柳闲挑眉。
“哦?”
“陛下倒是看的明白。”
西齐皇帝冷声:“你让我们与草原十八部反目,你让北雍疑神疑鬼。”
“今日,本王庭要杀你!”
“送你头颅去草原十八部和北雍。”
“重修旧好。”
“岂不美哉?”
大殿内,空气一瞬凝固。
赵浔、段晨当场就要动手。
但柳闲笑了,甚至摇了摇头。
“陛下。”
“你怕是……读书读傻了。”
西齐皇帝眼神一寒。
柳闲缓缓抬头,语气轻松至极。
“草原十八部、北雍,这两拨人,折了你们多少兵,砍了你们多少头,抢了你们多少地。”
“你以为,杀了我,送去赔礼,他们就真把你西齐当兄弟了?”
“笑话。”
“送了我,他们吃肉。”
“吃完肉,回头还吃你。”
“因为——你软。

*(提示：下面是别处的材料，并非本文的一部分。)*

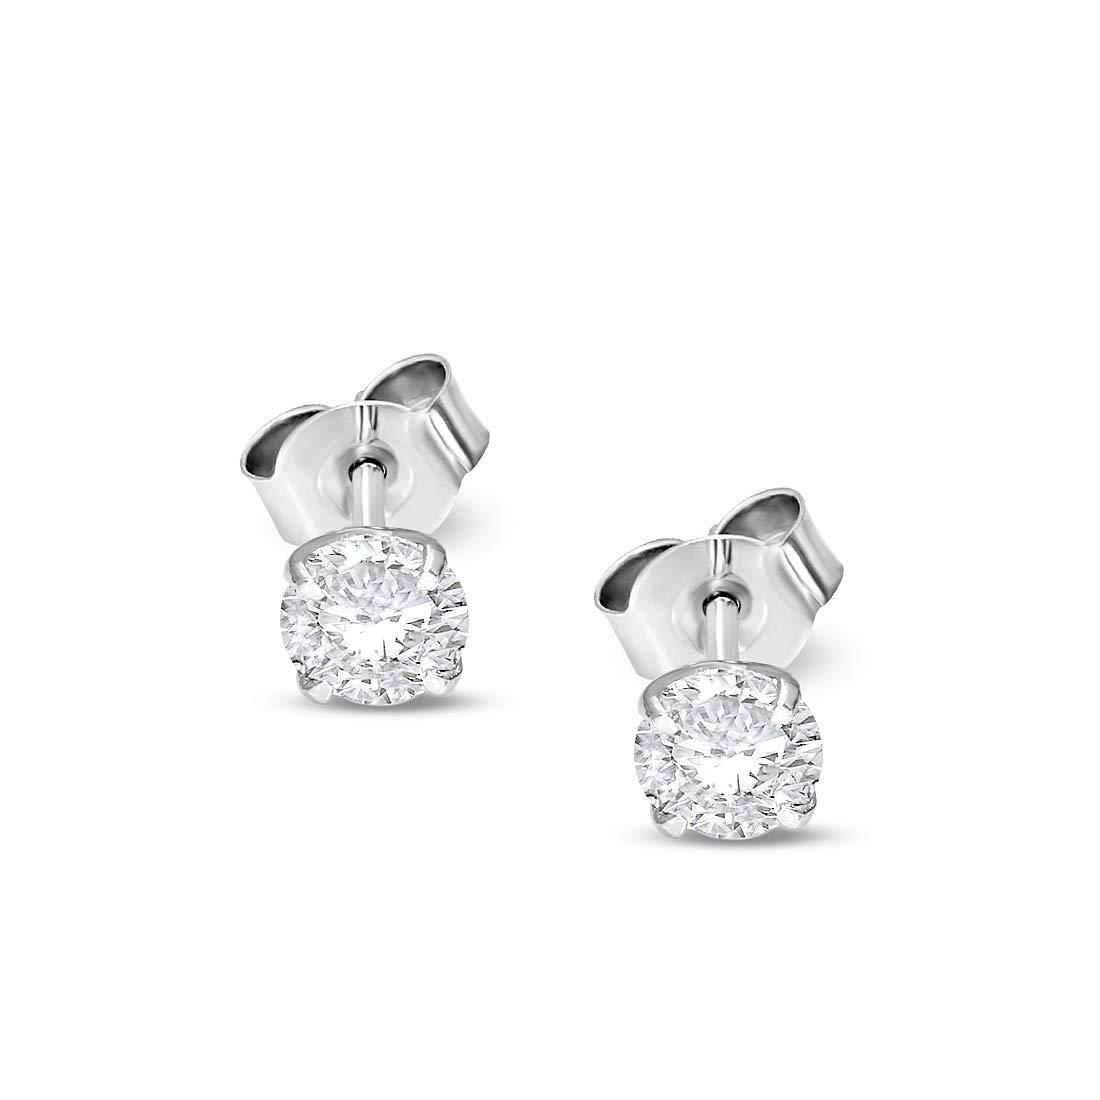 bef0dbb4e Amazon.com: Luxury 1 cttw Lab Grown Diamond Stud Earrings Lab Created Diamond  Earrings SI-GH Quality 10K Real Diamond Earrings White Gold Diamond Jewelry  ...

”
大殿内,百官变色。
西齐皇帝眯眼:“放肆。”
柳闲根本不怕,继续笑。
“而且。”
“这局,不是我柳闲逼你们反目。”
“是你们心里早就有了间隙。”
“我不过是,帮了一把。”
“帮你们认清——”
“草原十八部,从来只拿你西齐当狗。”
“连根骨头,都懒得分。”
柳闲扫视全场,嘴角勾起一丝冷笑。
“你们若真杀了我。”
“嘿,等着吧。”
“北雍,草原十八部,真就能安心分你们的地盘。”
“因为你杀我,证明了你软、蠢、可欺。”
“到那时,西齐王庭,不死也半条命。”
……
大殿上,一片死寂。
连内侍都止不住手心冒汗。
西齐皇帝,死死盯着柳闲。
目光阴沉,心里,却忍不住一阵发凉。
——这柳闲。
是真的狠。
狠在,看得穿,看得透,说得准。
他手里什么都没有,兵马、势力、靠山……一无所有。
但他靠一张嘴,把西齐这些年积压的所有羞耻、痛苦、憋屈,全给挑了出来。
扎心。
扎肺。
扎得痛。
西齐皇帝,沉默了很久。
终究,长袖一挥。
“退下油锅。”
“本王庭,不杀客。”
这话一出,全场暗暗松了口气。
柳闲,负手而立,嘴角笑意更浓。
西齐皇帝衣袍微动,指尖死死按着龙椅的雕龙扶手,眼神依旧阴沉,声音却没了方才那般嚣张。
“好口才。”
“你一个人,把我们三国搅得天翻地覆。”
“可你别忘了——”
“现在你,人在本王庭。”
“只要朕一句话。”
“你,柳闲,就得死。”
说着,他手指轻轻一勾,殿外两排甲士刀锋亮出,寒光直指大周一行人。
赵浔眼神瞬间冷了下来,一步上前,手搭在刀柄上。
段晨目光如刃,衣袖轻动,几乎在瞬间换了个站位,挡在柳闲身前。
殿上百官窃窃私语,杀气一点点攀升。
柳闲却还是那副吊儿郎当的样子,懒得紧。
他淡淡扫了眼那几排刀尖,甚至伸手理了理头发,慢悠悠开口。
“陛下还真是心大。”
“草原十八部把你们玩成傻子,北雍随时可能反水。”
“你这会儿不想着怎么堵后门,居然还想跟他们合作,杀我这个明明帮了你的人?”